Monday, November 18, 2024

Make Crime Illegal Again

While less prominent than the red sweep of the nation’s electoral map and the triumph of President Donald Trump, another telling development following the 2024 elections was the number of Californians in ultra-progressive strongholds who showed that they had had enough, finally, of the far left’s worse-than-useless criminal justice agenda and the havoc it wreaks on public safety. 

In Oakland, California, for example, crime has surged since the COVID-19 pandemic. “Oakland’s overall 2023 crime rate was higher than at any time in the past two decades, … up 65 percent since 2020;” the 2023 violent crime rate was up 33 percent since 2020, and the 2023 property crime rate increased by 74 percent since 2020. Unhappy residents reacted with separate recall petitions to get rid of Oakland’s mayor and the Alameda County District Attorney, Pamela Price, whose district includes Oakland.    

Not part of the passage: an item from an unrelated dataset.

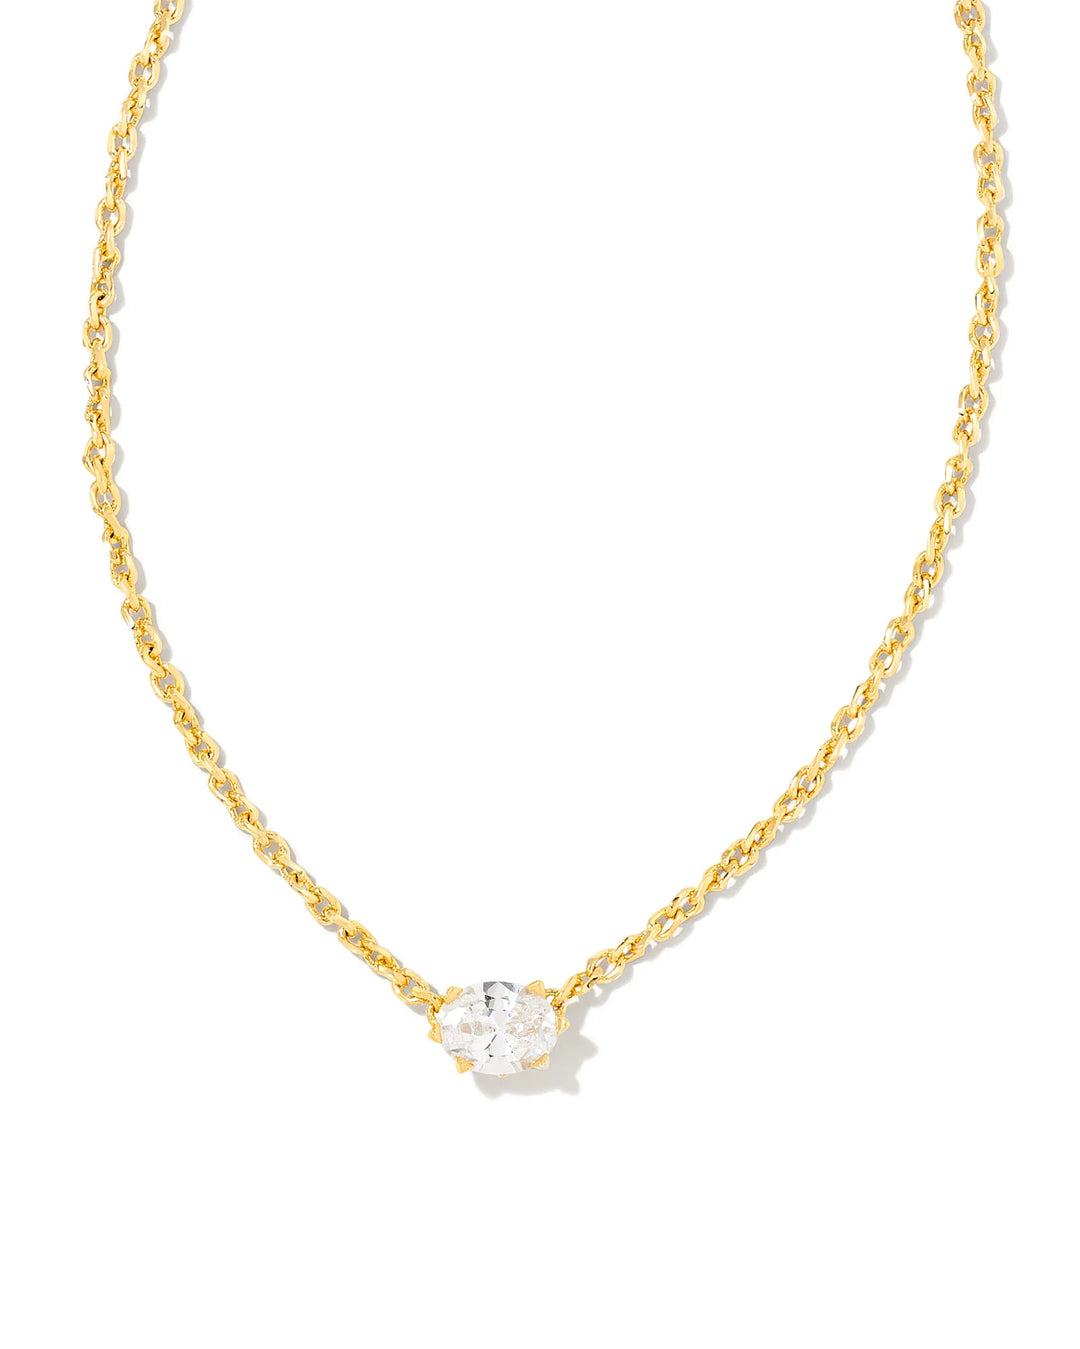 Kendra Scott Cailin Boxed Gold Pendant Necklace in White Crystal

The crime spike was a major motivator in the movement to recall Oakland Mayor Sheng Thao, described on the city’s website as “one of the Bay Area’s strongest and most effective progressive leaders.” Proponents of the recall claimed that Thao had created a “public safety crisis” by “systematically dismantling the Oakland Police Department, leading to the city’s reputation as one of the most dangerous in America,” “unjust terminat[ed]” police chief LeRonne Armstrong, resulting “in a surge of serious and violent crimes,” admitted to missing the deadline to apply for millions of dollars in state grants to combat retail theft, and “failed to implement Oakland’s Encampment Management Policy, leading to open-air drug markets and chop shops, making Oakland a national leader in stolen cars.”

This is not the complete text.